I used a gentle leader collar for Maddie but am not using it for Gracie. This is a type of head collar that loops around the nose. I tried it with Gracie but she would not keep it on. A friend who trains dogs took her for a couple of weeks to train her. He used a different type of collar. I put into this post, and then took out, what kind of collar it is. I don’t want someone to read this and start focusing on the collars, because that’s not the point. I will just say I can’t tell you how many people have come up to me and told me I should use….drumroll… the gentle leader. This is ironic, since it worked so well with Maddie. But they don’t know this dog.
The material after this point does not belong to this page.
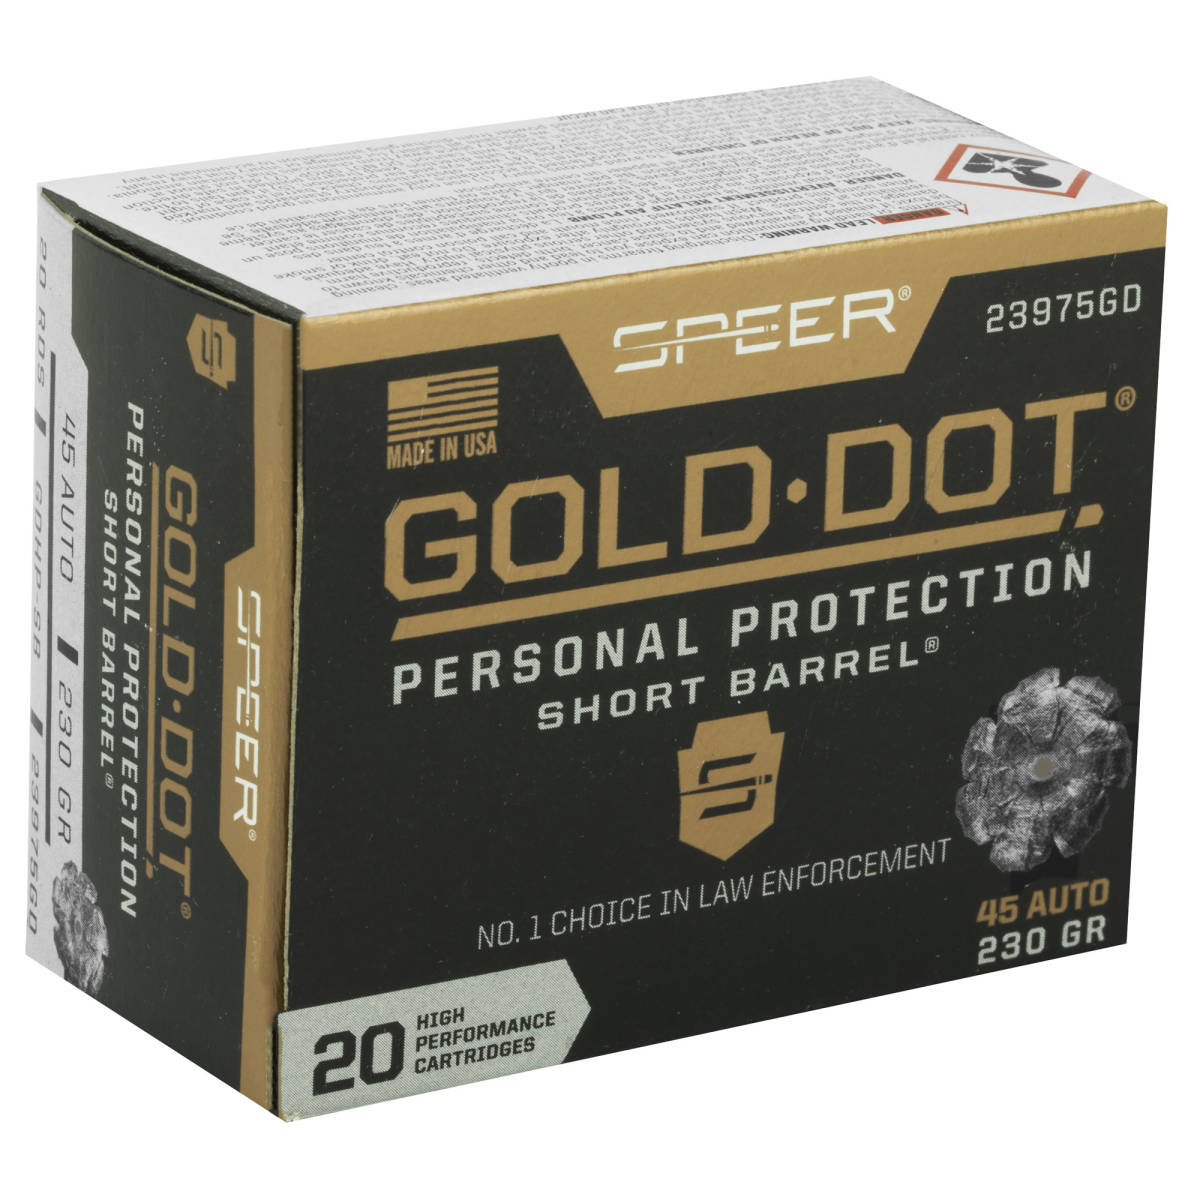 Speer 23975GD Gold Dot Personal Protection Short Barrel 45 ACP 230 gr...-img-1

I know that she sat down on the floor and begun pawing at the part on her nose.

I think I snapped at the last one who said I need a gentle leader. You might imagine that I didn’t change collars. But I have to admit that the seed was planted for doing more research about other options.

The latest unasked-for opinion is about my shingles pain is more cut and dried. I went to a pain management clinic at the local hospital. A doctor gave me steroid shots at the top of my spine. They didn’t help. A newly minted doctor who is a friend of the family said I should have gotten them lower. He said that at my next visit, I should ask for a re-do in a different area. I went back to the clinic. The doctor said that shots in another spot wouldn’t help. He said they only to it once. That was the end of that. Next up, they are going to try a capsaicin patch.

Sometimes unsolicited advice is a life saver

Twenty years ago, when I was diagnosed with leukemia, I decided I would get treated close to home at a local hospital. I had three young kids at home. This would be the convenient option. The phone rang off the hook. (This is an outdated phrase because who has hooks?) The callers included my close high school friends. They said I was crazy not to be treated at the world class cancer institute, Dana-Farber, that was 90 miles from home. These were not some random people advising me on the street. I valued their opinion. I thought it through. I realized they were right. I packed my bags, and off I went. If I hadn’t followed their advice, I don’t know if I would be here right now.

So, from shaking it off to soaking it in, there are a lot of ways to go when everyone is giving you advice.